Different compositions of DMU–water mixtures were prepared and analyzed by TR-SHG. Figure 9a illustrates a TR-SHG analysis performed on a mixed sample of composition 70% in molar fraction of water. The curve shows that in the region colored in green, the signal remains stable between −50 °C and −37.5 °C. In this region, a mixture of ice and DMU (ssII) crystals exists, in which DMU (ssII) crystals are responsible for the high SHG signal since ice crystallizes in the centrosymmetric space group P6₃/mmc. The SHG signal sharply decreases at −37.5 °C which corresponds to the metastable eutectic temperature.
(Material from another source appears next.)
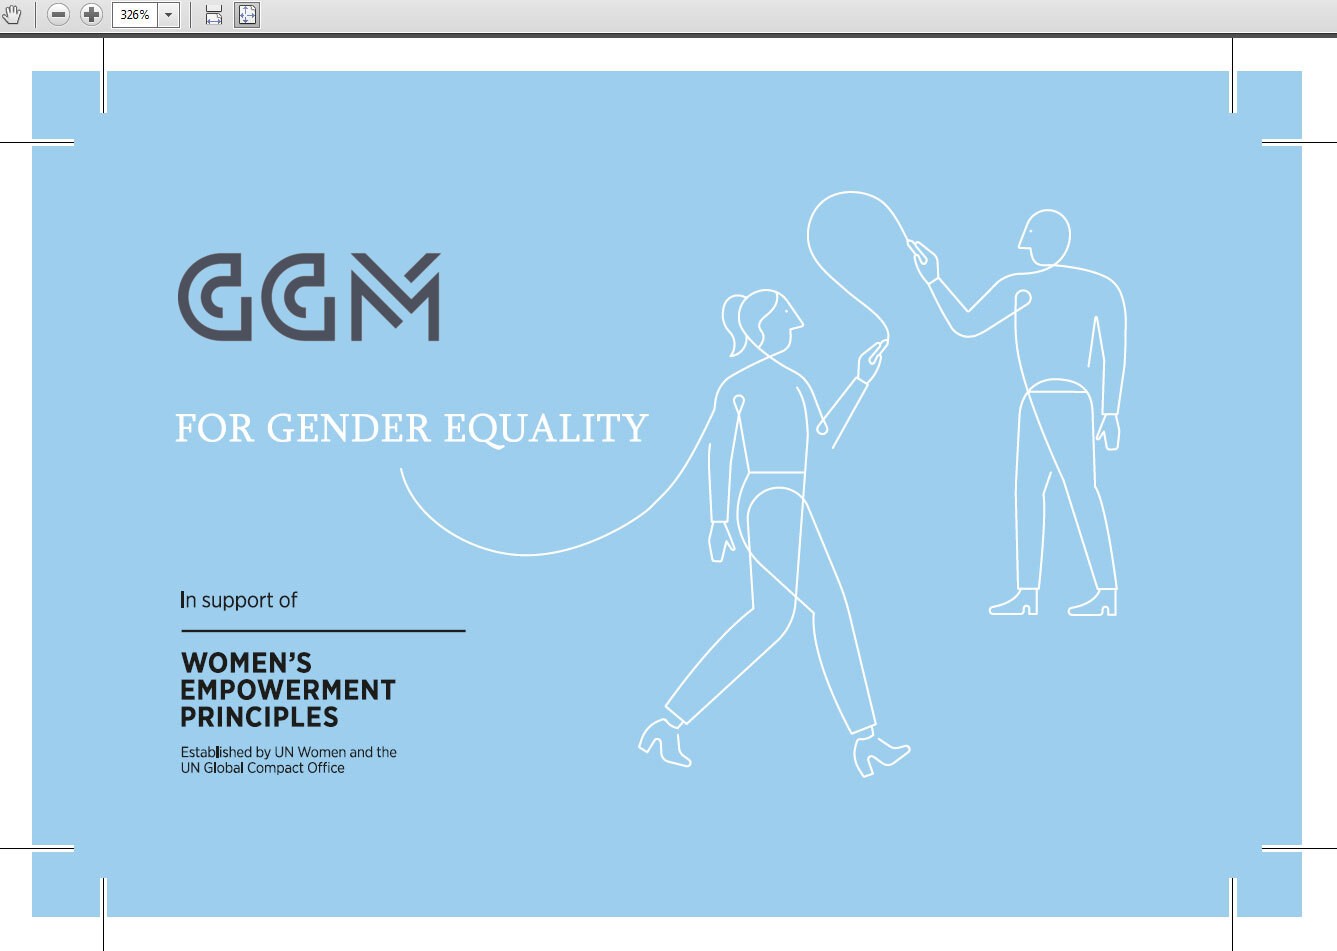 GGM has signed the Women's Empowerment Principles

To be noticed, the latter temperature is fairly close to that determined from DSC experiments (−36 °C, see Section 2.3.1). In the region colored in yellow, DMU crystals disappear progressively; therefore, the SHG signal decreases progressively and totally vanishes at −17.5 °C, which corresponds to the liquidus temperature. Therefore, the composition of 70% molar in water is a hypoeutectic composition since both the metastable eutectic temperature and the liquidus temperature can be determined (transition from the two-phase domain DMU Form II + Ice to the two-phase domain DMU Form II + Liquid at the eutectic temperature). The TR-SHG results for the composition of 70.5% in molar fraction of water (Figure 9b) show a plateau from −50 °C to −37.5 °C (region colored in green). In this domain of temperature, a mixture of DMU ssII and ice exists, as for the previous experiment. Once the metastable eutectic temperature (−37.5 °C) is reached, the TR-SHG signal decreases sharply, thus indicating that no liquidus temperature is observed above −37.5 °C (region colored in yellow). It means that the composition of 70.5% in molar fraction of water corresponds to a metastable hypereutectic composition (transition from the two-phase domain: DMU Form II + Ice to the two-phase domain: Ice + Liquid at the eutectic temperature).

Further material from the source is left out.